Получала редакция «ЛГ» и письма из этого города — чересчур эмоциональные; любопытно, что событие в лесопарке, само по себе исключительное, было в иных письмах расцвечено деталями, уже совершенно фантастическими, которые в судебном разбирательстве не подтвердились: городская молва явно переусердствовала. Когда Пантелеева лежала в больнице, там умирала от тяжелой болезни ее ровесница — тоже пятнадцатилетняя девочка. Городская молва, тревожно сосредоточенная на этом деле, отождествила ее с потерпевшей, то есть Пантелеевой. Весть о том, что жертва избиения в лесопарке умирает, еще больше взбудоражила страсти…
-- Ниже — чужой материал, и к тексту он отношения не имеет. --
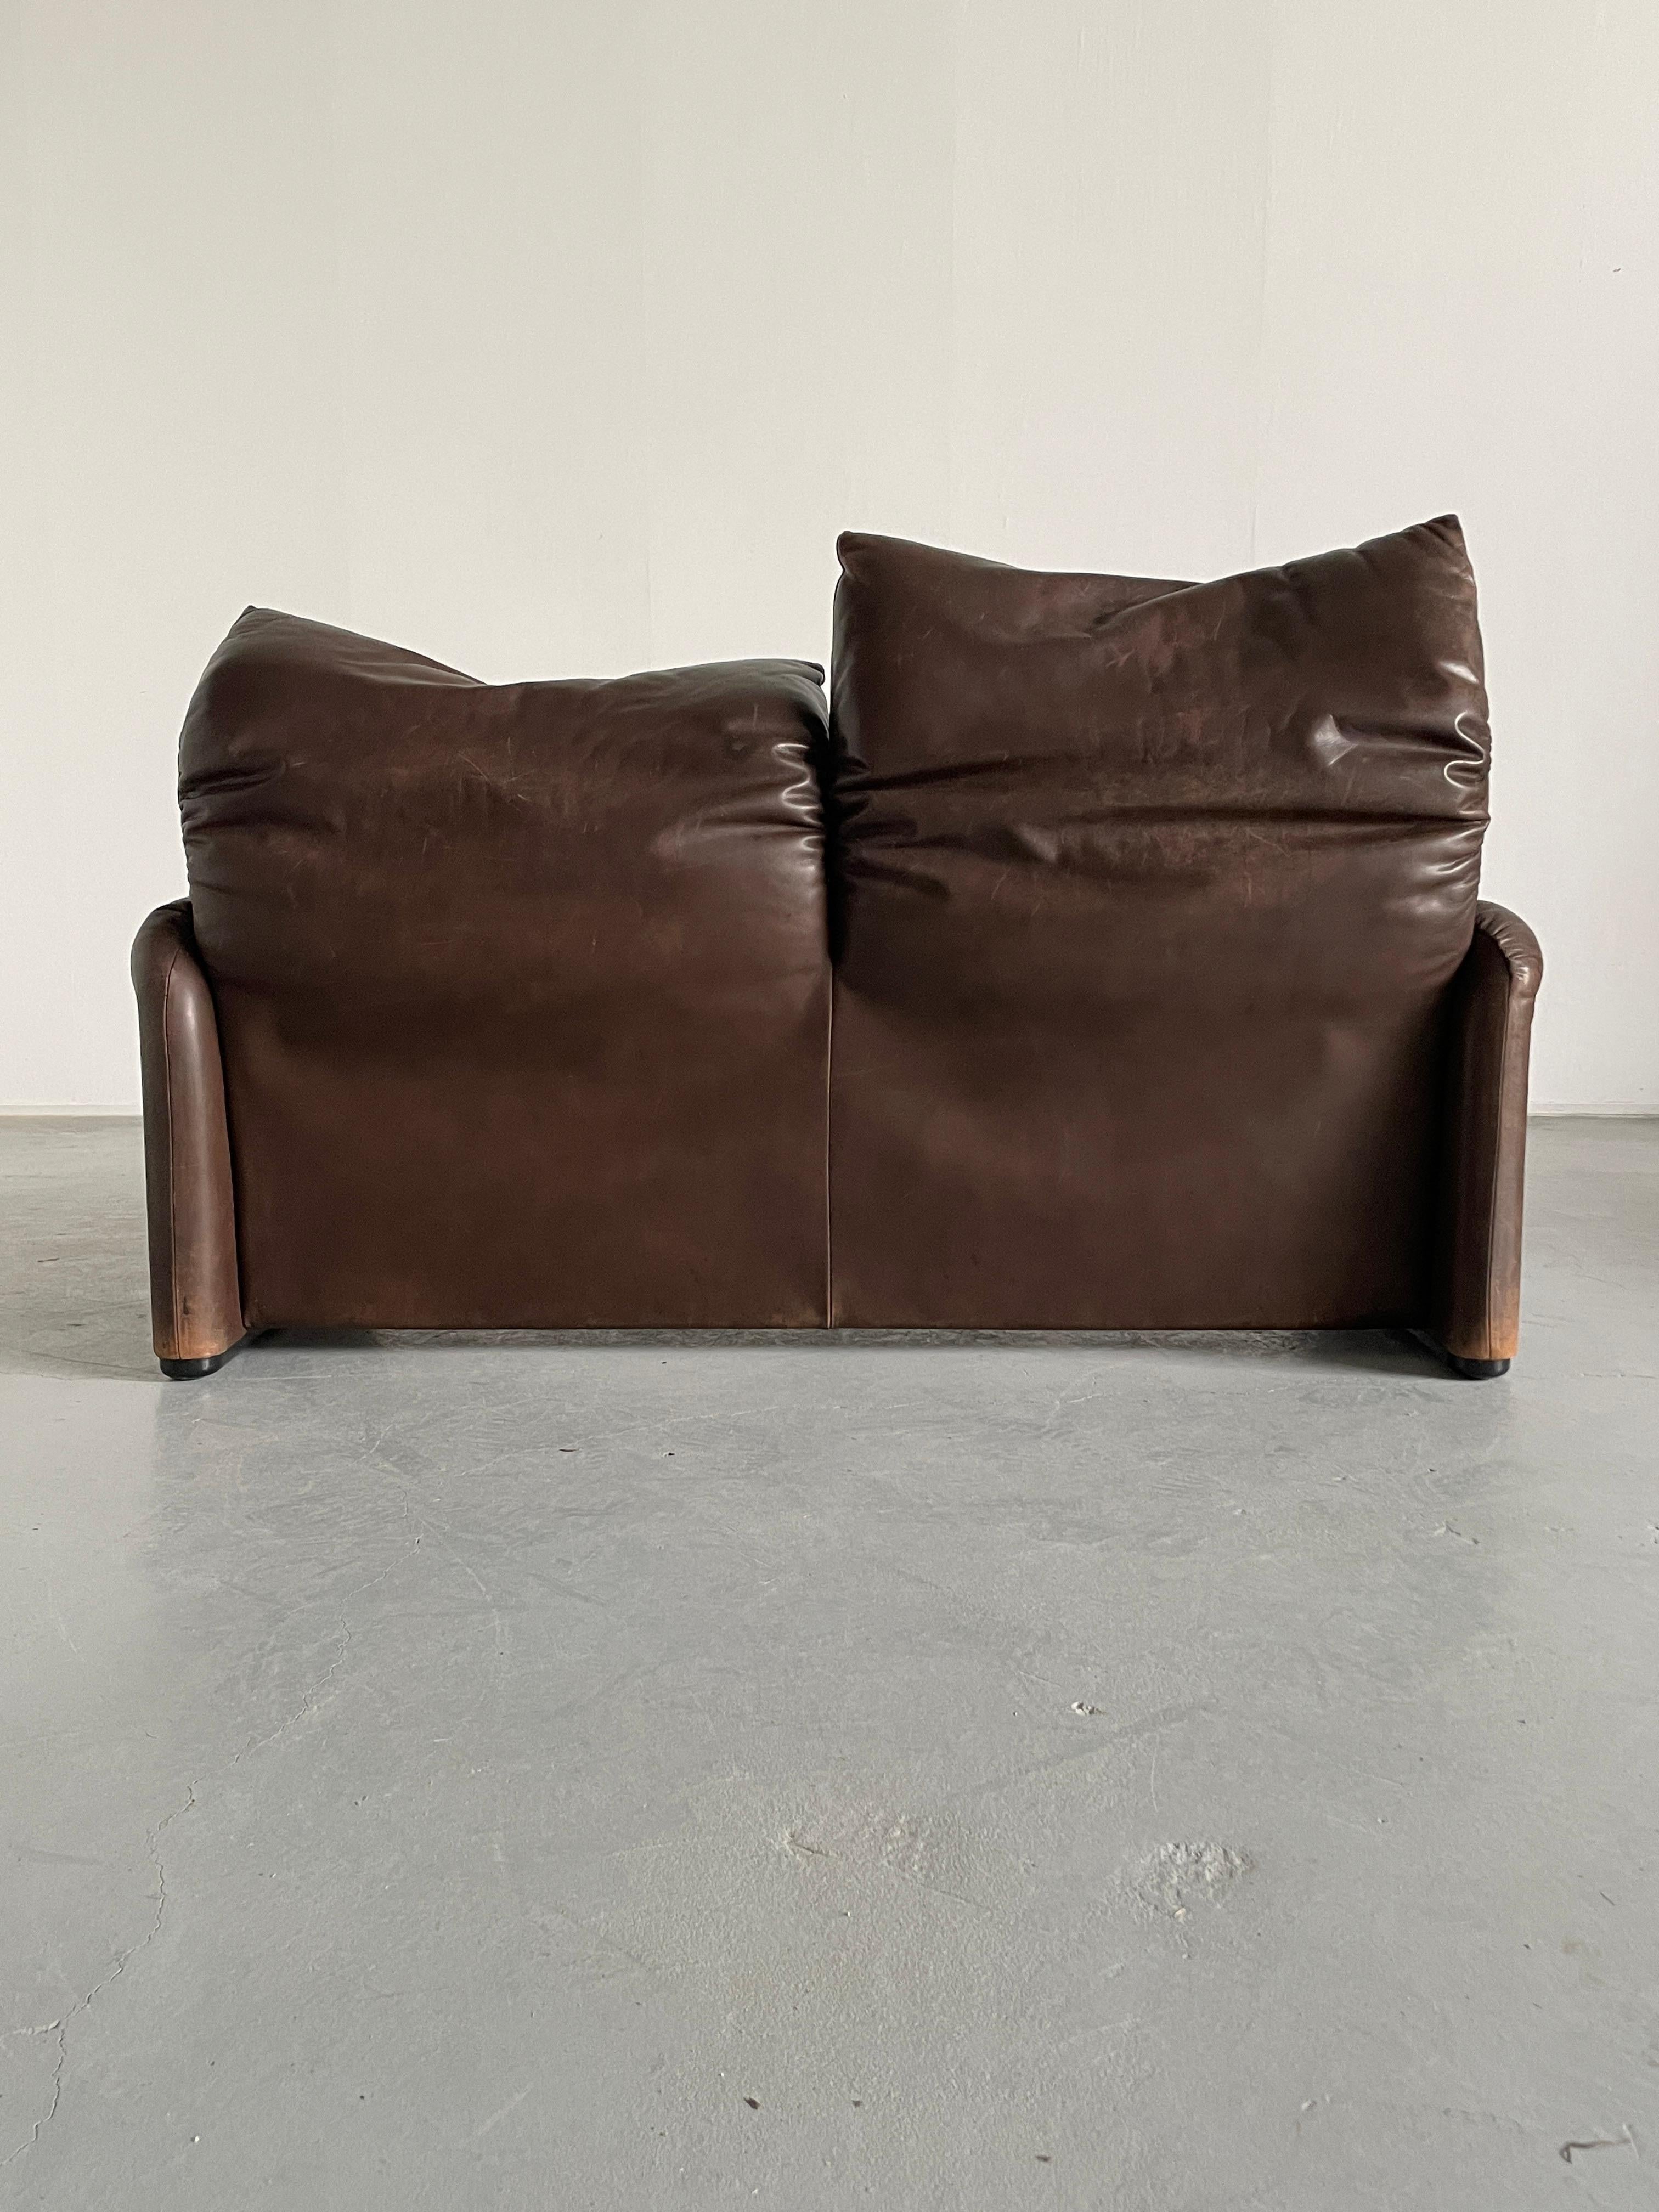 Leather Vintage 'Maralunga' Two-seater Sofa by Vico Magistretti for Cassina, 1970s

Поздно вечером, накануне последнего дня, когда судьи должны были удалиться в совещательную комнату, перед домом, где заседал суд, собралась большая толпа. Она шумела, она настаивала: «Расстрелять!» Вывели подсудимых, толпа заклокотала… Я понял, что широкоизвестное литературное выражение «На лице был написан ужас» отнюдь не эффектный литературный оборот: на лицах подсудимых был действительно написан ужас. Первый раз в жизни они поняли, что это такое — «разбираться не морально, а физически». «Назад! — остановил толпу лейтенант милиции. И в наступившей тишине яростно выдохнул: — Это же дети, дети…» И хотя самосуд неприемлем, дик, независимо от возраста его жертв, это пронзительное, это ранящее «дети!» подействовало на бурлящую толпу, как мощный удар электрического тока. Да, это были дети — ровесники юного города…
Город думал. Думали судьи, они на утро должны были решить участь подсудимых в совещательной комнате. Думали подсудимые, ожидая с понятным острым волнением решения собственной участи, думали родители. Думали все.